Melatonin Malfunction



The human brain.

Technology has become a major part of life today.

People use it in school, at home, and out in public. It is almost guaranteed that everywhere you go, there will be at least one person using some sort of mobile device. These devices can become addicting, and are so frequently used that to that to some people, the thought of going a day or two without them is very difficult. People nowadays use their phones for everything. They are used as calendars, planners, alarms, and even as sources of entertainment. Some apps are used more than others and can end up taking up huge chunks of time out of peoples days. Social media and apps like Netflix or Apple TV allow people to spend hours looking and focusing their eyes at a tiny screen.

“People are on average online for 24 hours a week, twice as long as ten years ago, with one in five of all adults spending as much as 40 hours a week on the web. This is partly due to the rise in use by those aged 16 to 24, who average 34.3 hours a week on the internet,” said Charles Hymas, a writer for The Telegraph.

Even though there are many benefits to having devices that go with you wherever you are, for example, mobility and efficiency, there are also many drawbacks. When people use these devices constantly, from the moment they wake up to when they go to bed, there are negative effects that not many people think about. Using technology right before bed can harm your eyes, and keep you from having a good full night’s rest. Teenagers especially find themselves using their phones for long periods of time before they try and sleep.

“I use my phone before bed almost every day. On the days that I do I use my phone before bed, I find it always takes me longer to actually go to sleep. I usually go on Instagram and Snapchat maybe watch some Netflix before bed, and it always affects the way I sleep that night and the way I feel the next day. Whenever I stay away from using my phone I fall asleep pretty fast, and I usually stay asleep throughout the night,” said senior Gabby Mack.
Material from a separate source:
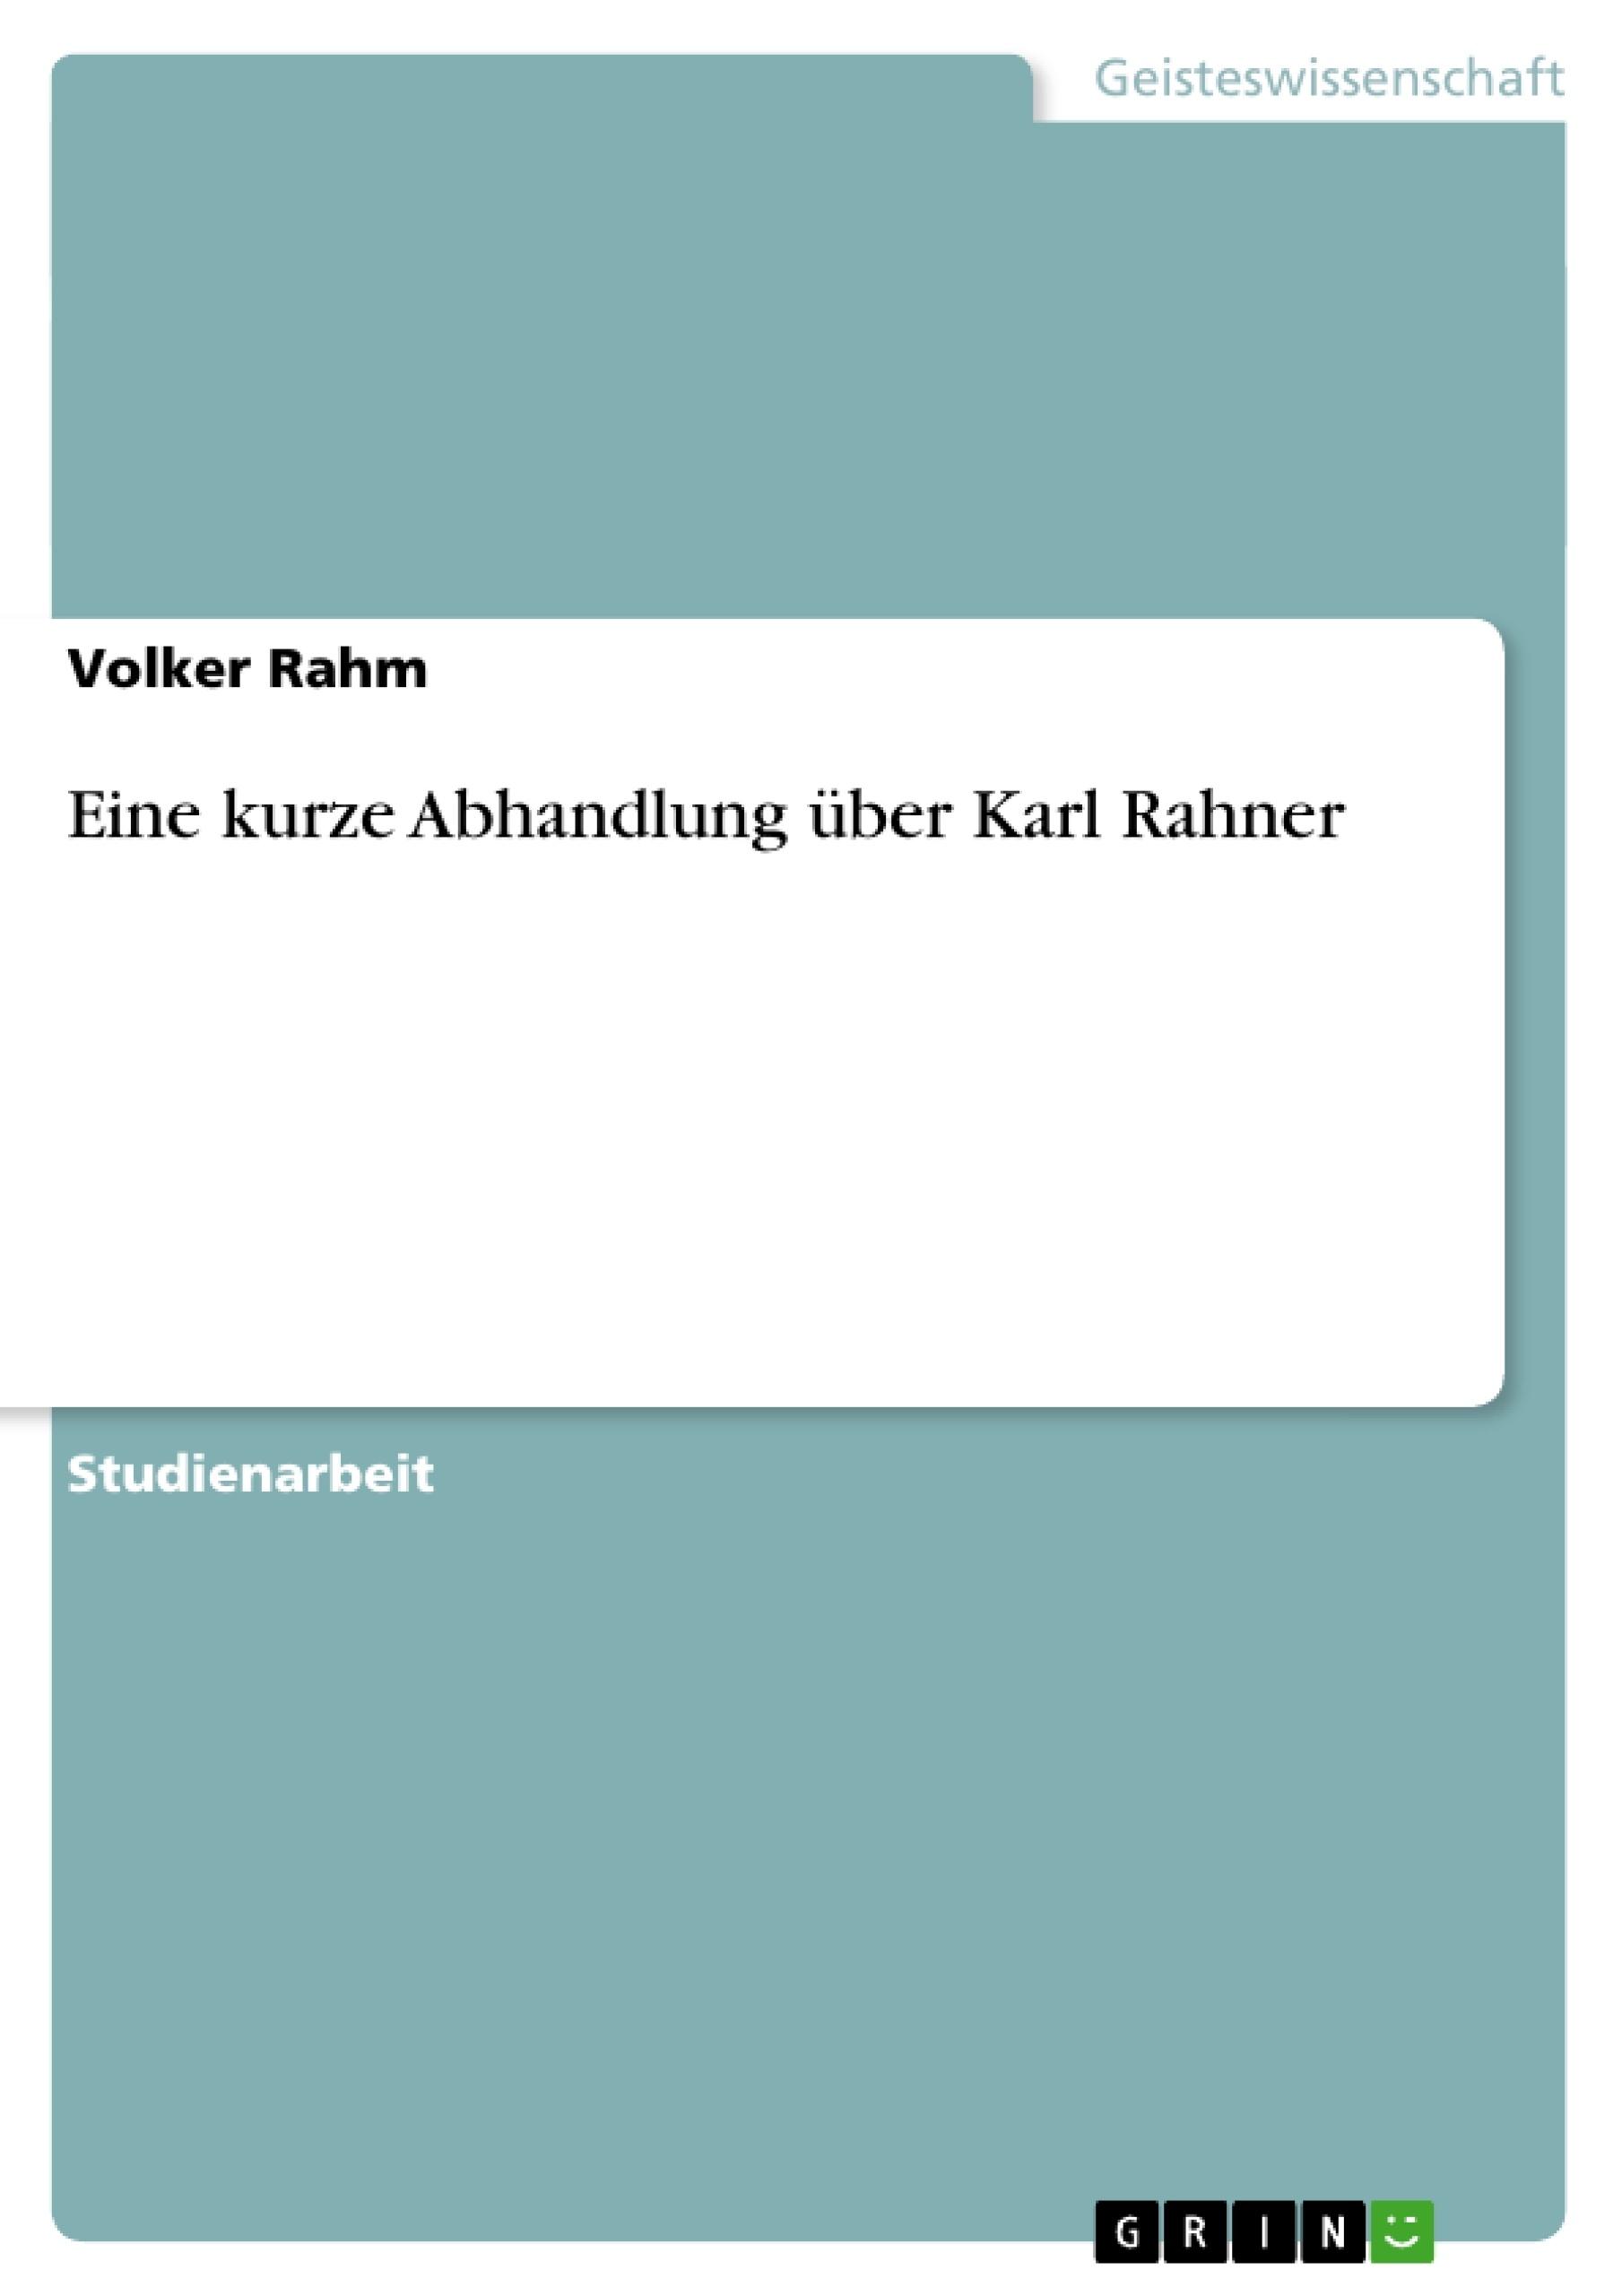 Titel: Eine kurze Abhandlung über Karl Rahner

One of the negative effects of staring at a screen before bed is the suppression of a hormone that aids sleep. The blue light coming from the portable devices people use before bed can suppress a hormone in the body called melatonin. Melatonin is made in the part of the brain called the pineal gland and regulates an internal clock in the body called a circadian rhythm. This is the natural way a person’s body controls when they feel awake or alert, and when they start to become sluggish or tired. This rhythm is controlled by a part of the brain that responds to light. The more light someone’s brain is exposed to, the less melatonin their brain will produce and the more awake someone will feel, which in turn will disrupt their internal clock. This is also one of the reasons why people feel so awake during the day when the sun is out and so tired at night. Naturally, the body’s circadian rhythm fluctuates throughout the day and varies depending on the individual and their sleep patterns. Circadian rhythms are known to change with age, but also when a person’s sleep patterns have been disrupted. This can happen when people stay up later and get less sleep than the human body needs.
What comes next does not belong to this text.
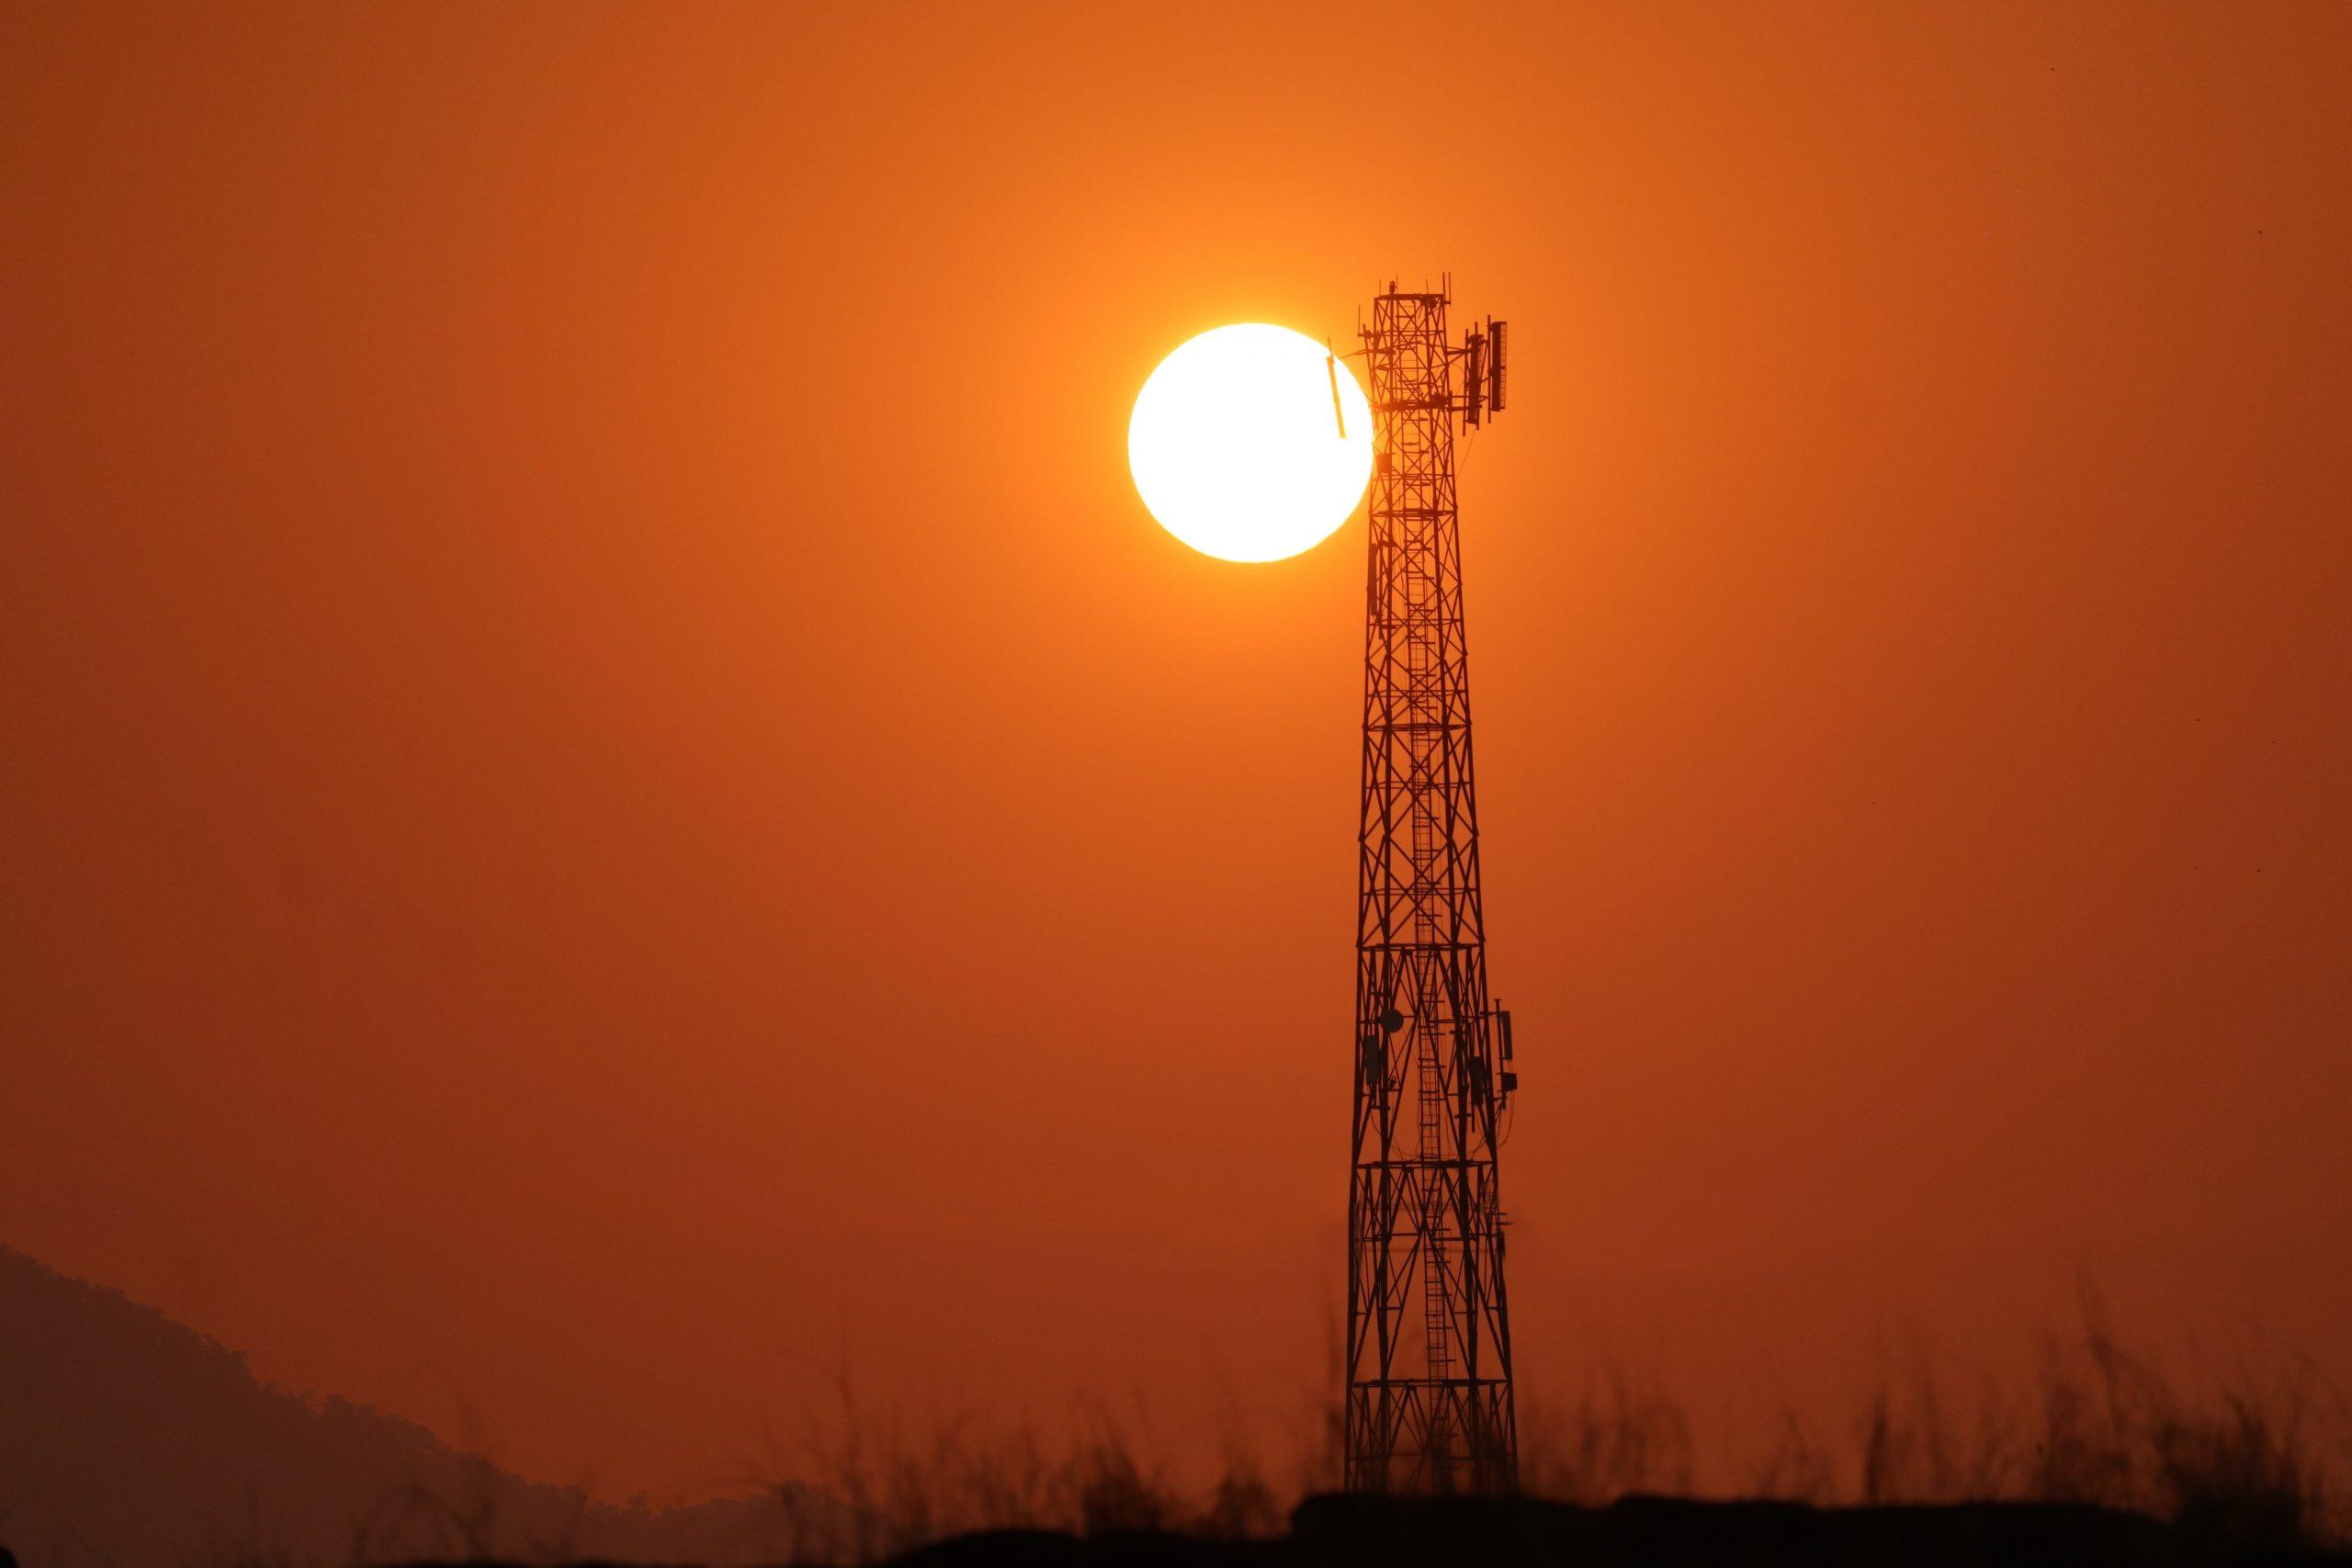 Sunset through a tower

“I go to bed around 10 to 10:30 every night and the next day I’m tired, but I’m not nearly as tired as I am when I go to bed later on in the night. When I don’t sleep it’s usually because of a number of things. Whether it’s homework or staying up too late on my phone, the next day, I always have a hard time focusing in classes. I’m annoyed and frustrated, and I crash when I get home from school,” senior Olivia Cieplak said when she was asked what time she usually goes to sleep and how it makes her feel the next day.
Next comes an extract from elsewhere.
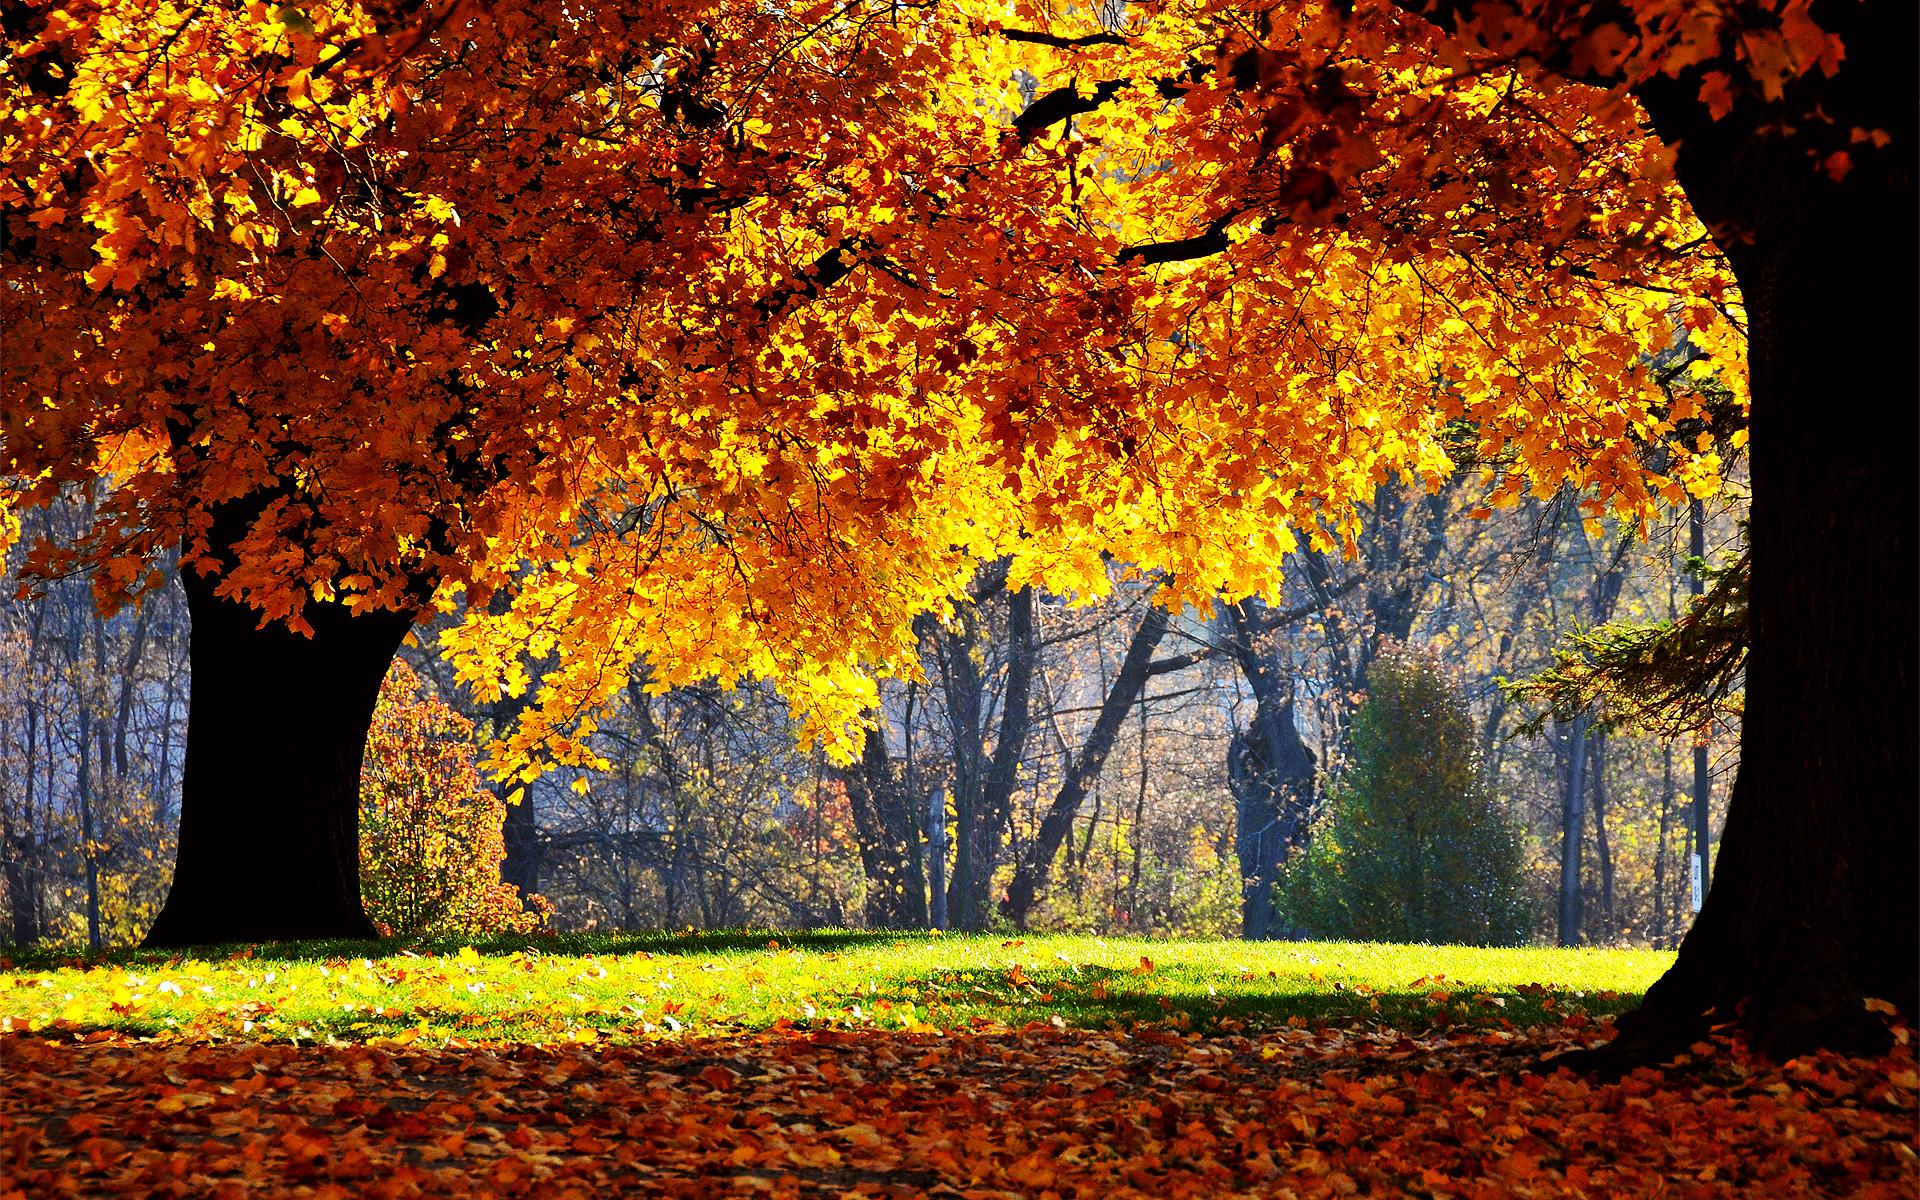 fall desktop wallpaper backgrounds   wwwwallpapers in hdcom 1920x1200

The disruption of the circadian rhythm has been related to depression, obesity, and insomnia. The blue light coming from phones, tablets, tvs, and laptops keep your brain from producing hormones that aid sleep, which in turn causes disruptions in sleep patterns and circadian rhythms.

“When we have daylight savings time and the time changes there is always an increase in car accidents the following Monday morning because everyone is thrown off a bit. So let’s say you stay up really late. You normally are asleep by 11, but you stay up till 1 or 2. That lack of sleep adds to a sleep debt that just keeps accumulating. In response to this, your brain is going to be tired and your cognitive functioning, reaction time, processing ability and memory, in terms of recalling and making memories, is not going to work as well,” AP psychology teacher Mrs. Pelz responded after being asked what effects a disruption in ones circadian rhythm could have on them.

Using screens before bed affects the body and mind in major ways. The blue light emitted from the devices people use before attempting to sleep suppress melatonin, which in turn prevents the body from relaxing and eventually falling asleep. The lack of sleep that results from the suppression of this hormone leads to the tiring of someone’s brain and body causing loss of focus among many other things. Some devices have night modes or brightness options that can help with the amount of light emitted from them. Another option is to avoid technology 30 minutes before attempting to sleep. This may seem like a  small and unimportant matter, but the lack of sleep caused by the technology people use every day is harmful to the body and the brain.